The Handmaiden
Breathtakingly erotic Korean thriller Dir: Park Chan-wook 2hrs 24mins (18)
This “dazzlingly complex psychosexual thriller” from director Park Chan-wook has been heaped with praise, said Andrew Lowry in Empire – and justifiably so. Nominated for the Palme d’or at Cannes, The Handmaiden is an “unapologetically kinky slice of erotica”, a “stirring” feminist fable of “women escaping from bastard men”, and a “milestone of LGBT cinema in conservative South Korea”. It is also probably the greatest achievement yet of the great Korean director; even more noteworthy than his sublime revenge drama Oldboy. And perhaps most importantly, it is a “damn good yarn”.
Inspired by Fingersmith, Sarah Waters’ ingenious 2002 novel, The Handmaiden transposes the action from Victorian England to Japanese-occupied Korea in the 1930s, where an attractive young Korean pickpocket named Sook-hee is recruited by “Count” Fujiwara, an elegant con man, to became maidservant to a Japanese heiress. Her task is to groom the heiress – under the nose of her creepy, pornography-addled uncle – to prepare the way for her seduction by the Count. But then a complication arises, said Mark Kermode in The Observer. Sook-hee falls for her mistress, who isn’t nearly as naive as she has been portrayed as being, and soon finds her feelings reciprocated. But this is only the first twist in a devilish plot that constantly tricks the audience with “delicious cinematic sleight of hand”. The film undoubtedly makes for “heady viewing”, said Geoffrey Macnab in The Independent. One moment, it plays like “an upmarket costume drama”; the next, it’s a graphically erotic film noir.

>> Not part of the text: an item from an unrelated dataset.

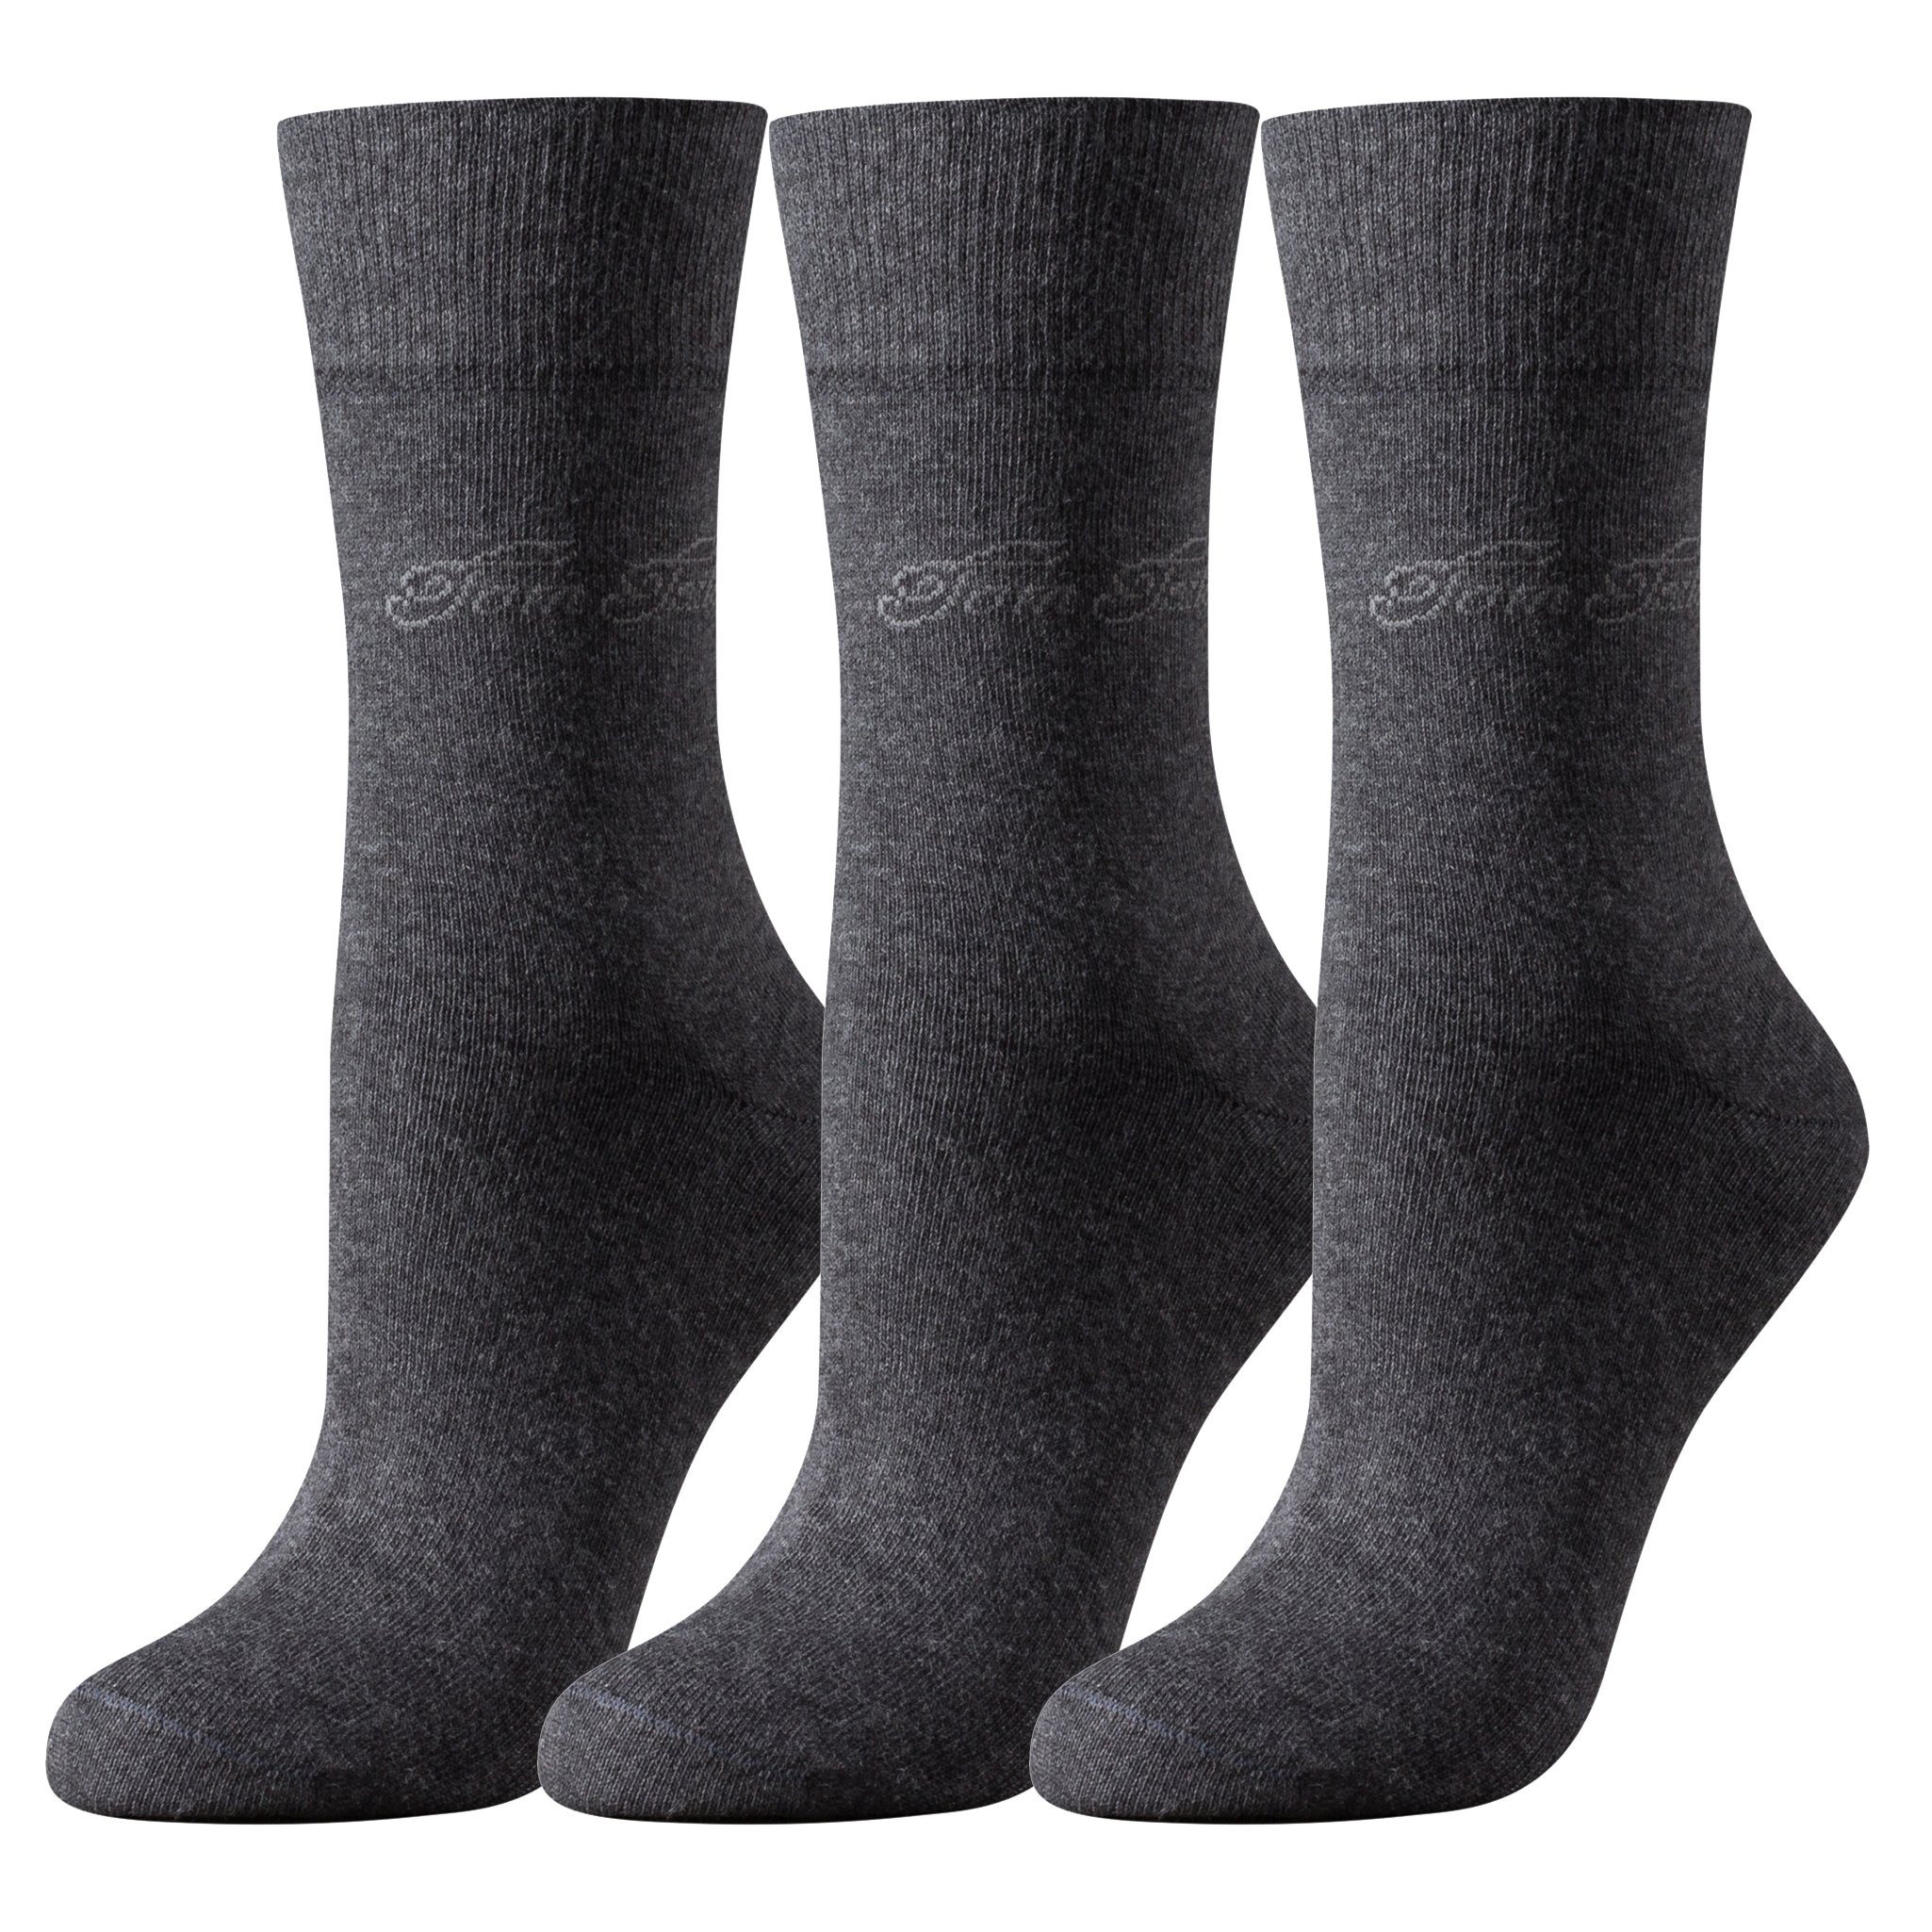 TOM TAILOR Socken 9703620042 Tom Tailor 3er Pack Basic Women Socks 9703 620 anthracite Doppelpack Strümpfe Socken

Yet viewers will probably be “sharply divided” over whether The Handmaiden is “liberatingly erotic or a male wet dream”, said Tim Robey in The Daily Telegraph. In a scene of “scissoring” (you may have to look up the term), for example, the actresses show admirable commitment to their roles, but it all feels a bit “soft-porny”. Well, it worked for me, said Peter Bradshaw in The Guardian. At one point, when the maid lovingly files her mistress’s serrated tooth, “I almost forgot to breathe”. There are times when you can’t help feeling the director is trying to have his cake and eat it, said Tom Huddleston in Time Out, adopting a fiercely anti-pornography stance, while serving up some sumptuously erotic visions. But there’s no denying the characters are beautiful sketched and performed, and the story is involving. For all the scenes of deceit and cruelty, “what resonates is the love story”, and the liberated ideals underpinning it. “The cinematic equivalent of drinking three glasses of champagne in the bath, The Handmaiden is a film to luxuriate in.”